LL = [1, 2, 67, 3.2, 5].
I wrote the base case and struggling to implement DCG with the recursive case. Can someone help me with this?
Base Case:
cleanList(L,LL) :- cleanList(LL,L,[]),!.
You could start by defining the base case like:
cleanlist([]) --> [].
which is pretty simple, all it does is returning empty list when the argument to cleanlist/1 is empty list.
You can also define the clause:
cleanlist([H|T]) --> ( {number(H)} -> [H], cleanlist(T) ; cleanlist(T) ).

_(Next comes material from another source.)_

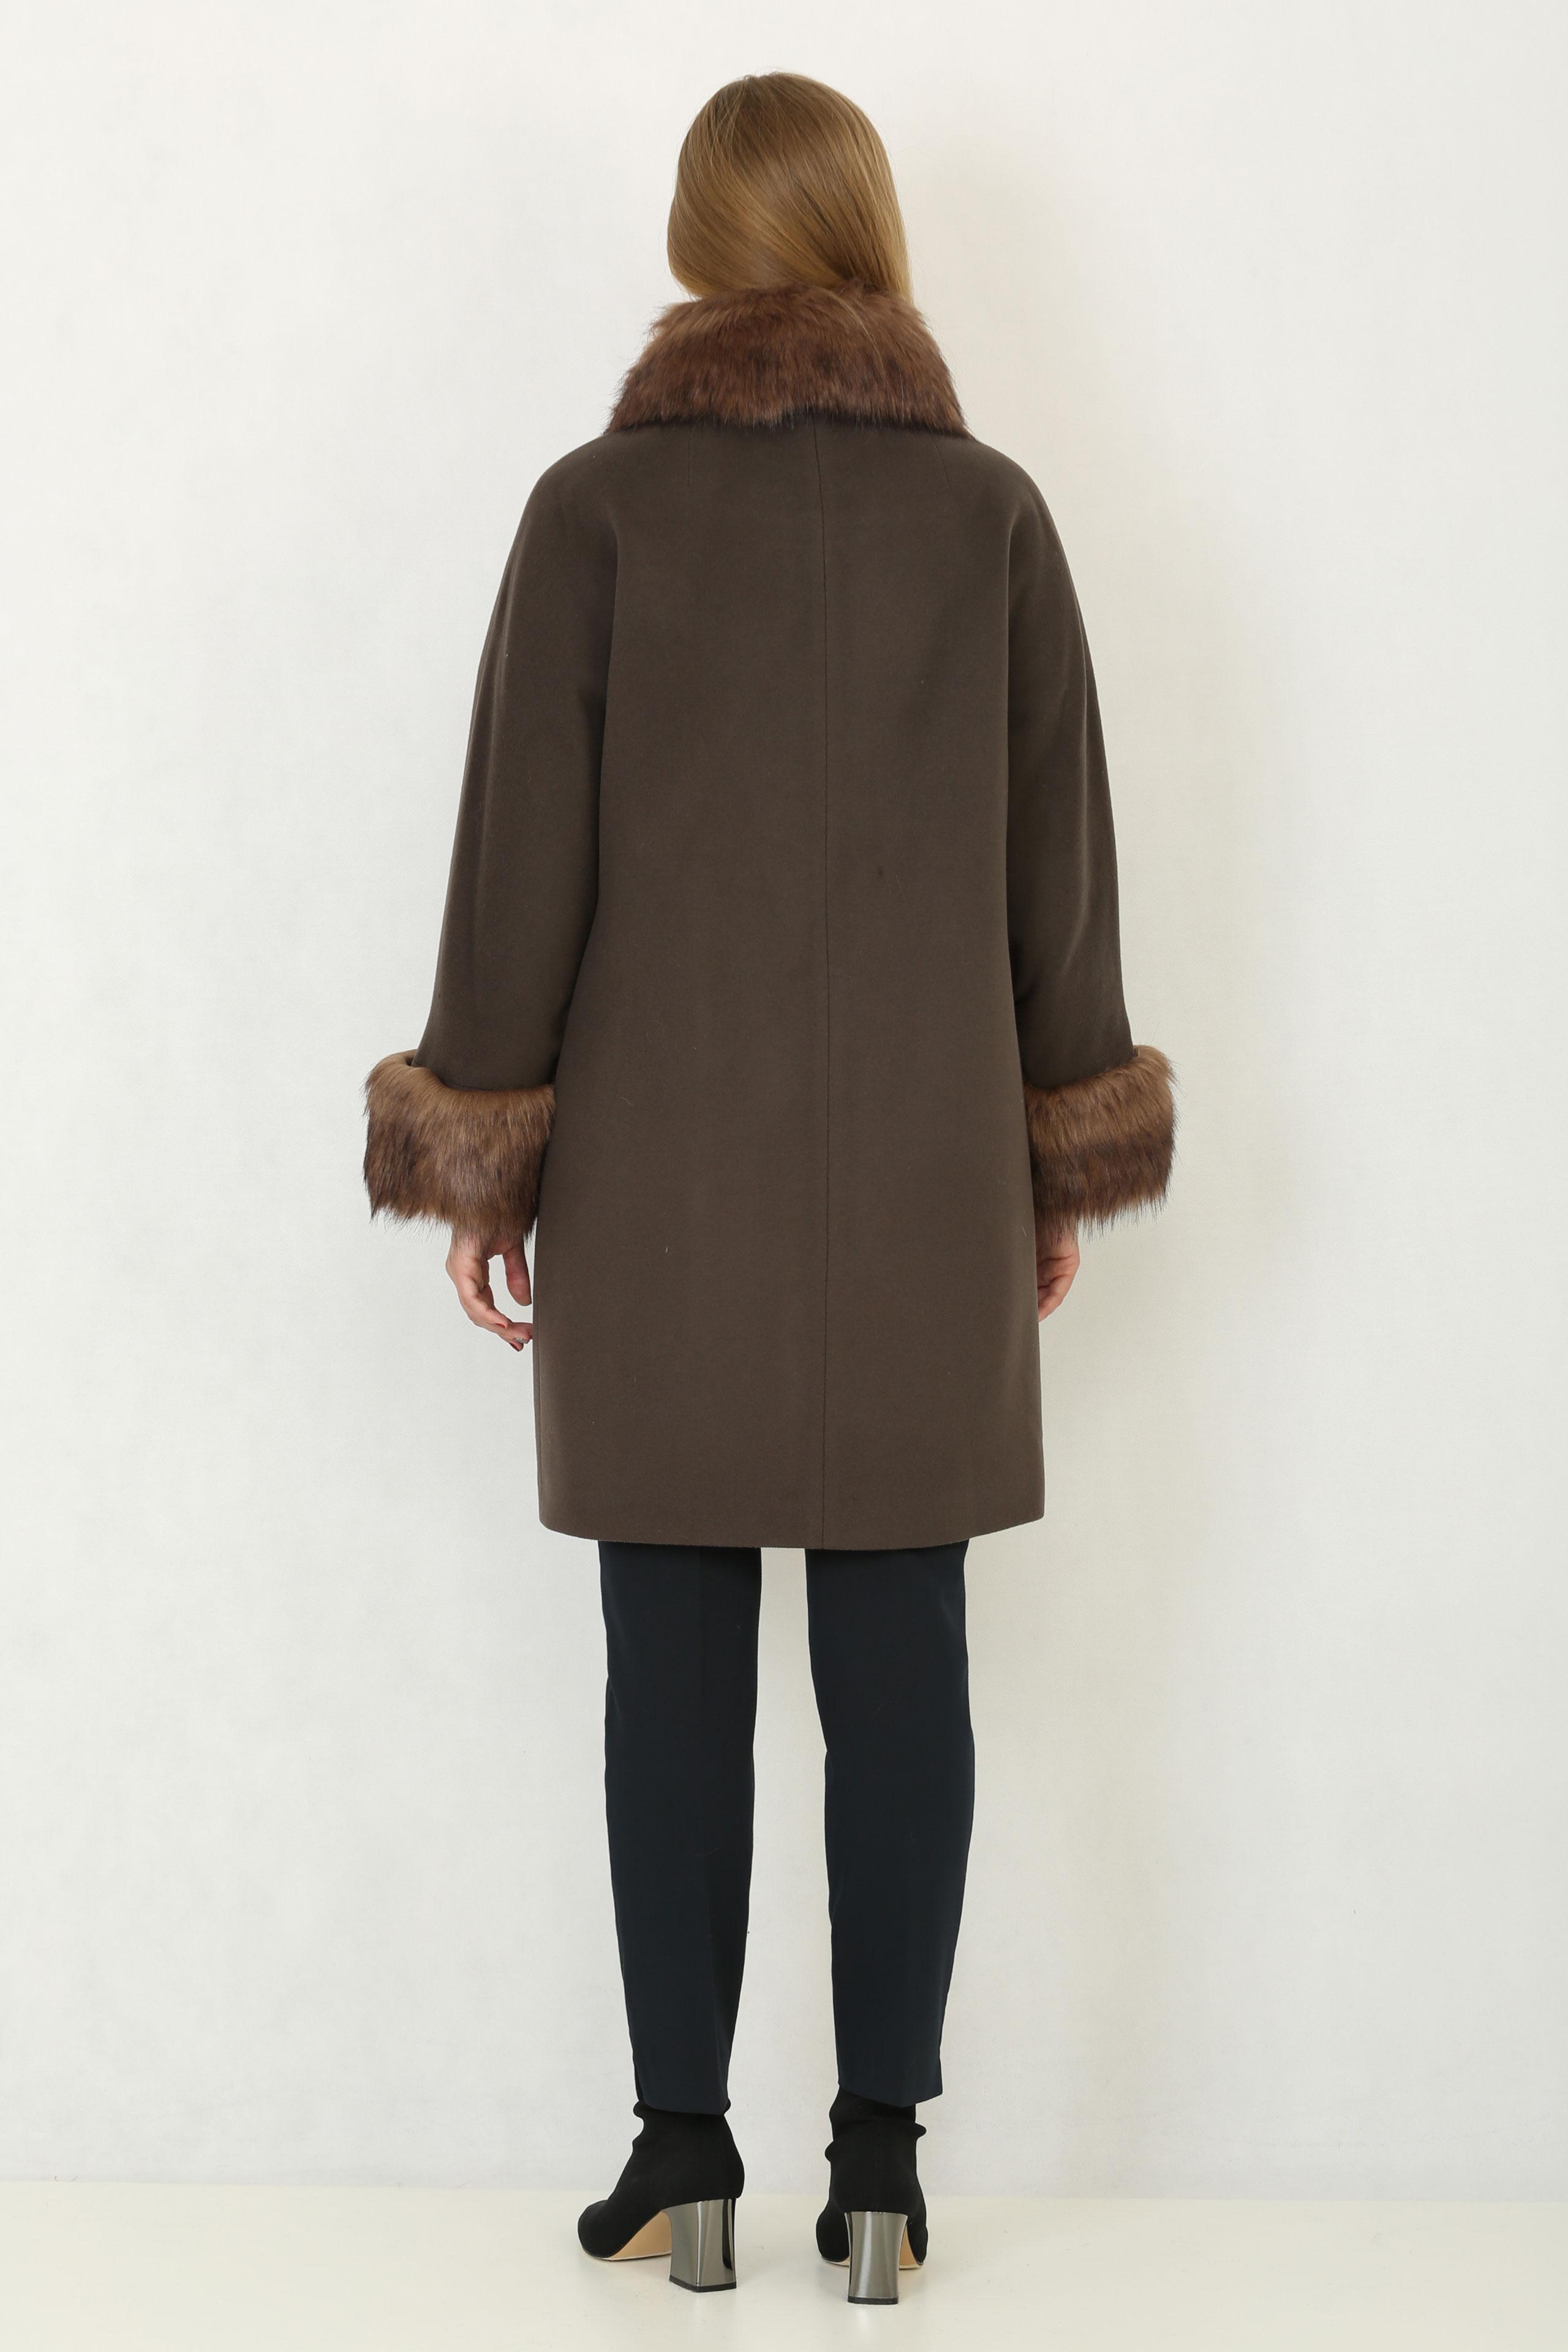 Женское пальто из текстиля с воротником, отделка искусственный мех

which keeps the head of the lists H iff it is a number and call recursively cleanlist/1.
Examples:
?- phrase( cleanlist([1]) ,L ).
L = [1].
?- phrase( cleanlist([1,3]) ,L ).
L = [1, 3].
?- phrase( cleanlist([1,2,a,c,3]) ,L ).
L = [1, 2, 3].
?- phrase( cleanlist([1,2,a,c,3,m,k,l,o,"ABC",12]) ,L ).
L = [1, 2, 3, 12].
?- phrase( cleanlist([a,b]) ,L ).
L = [].
?- phrase( cleanlist([A,1,b]) ,L ).
L = [1].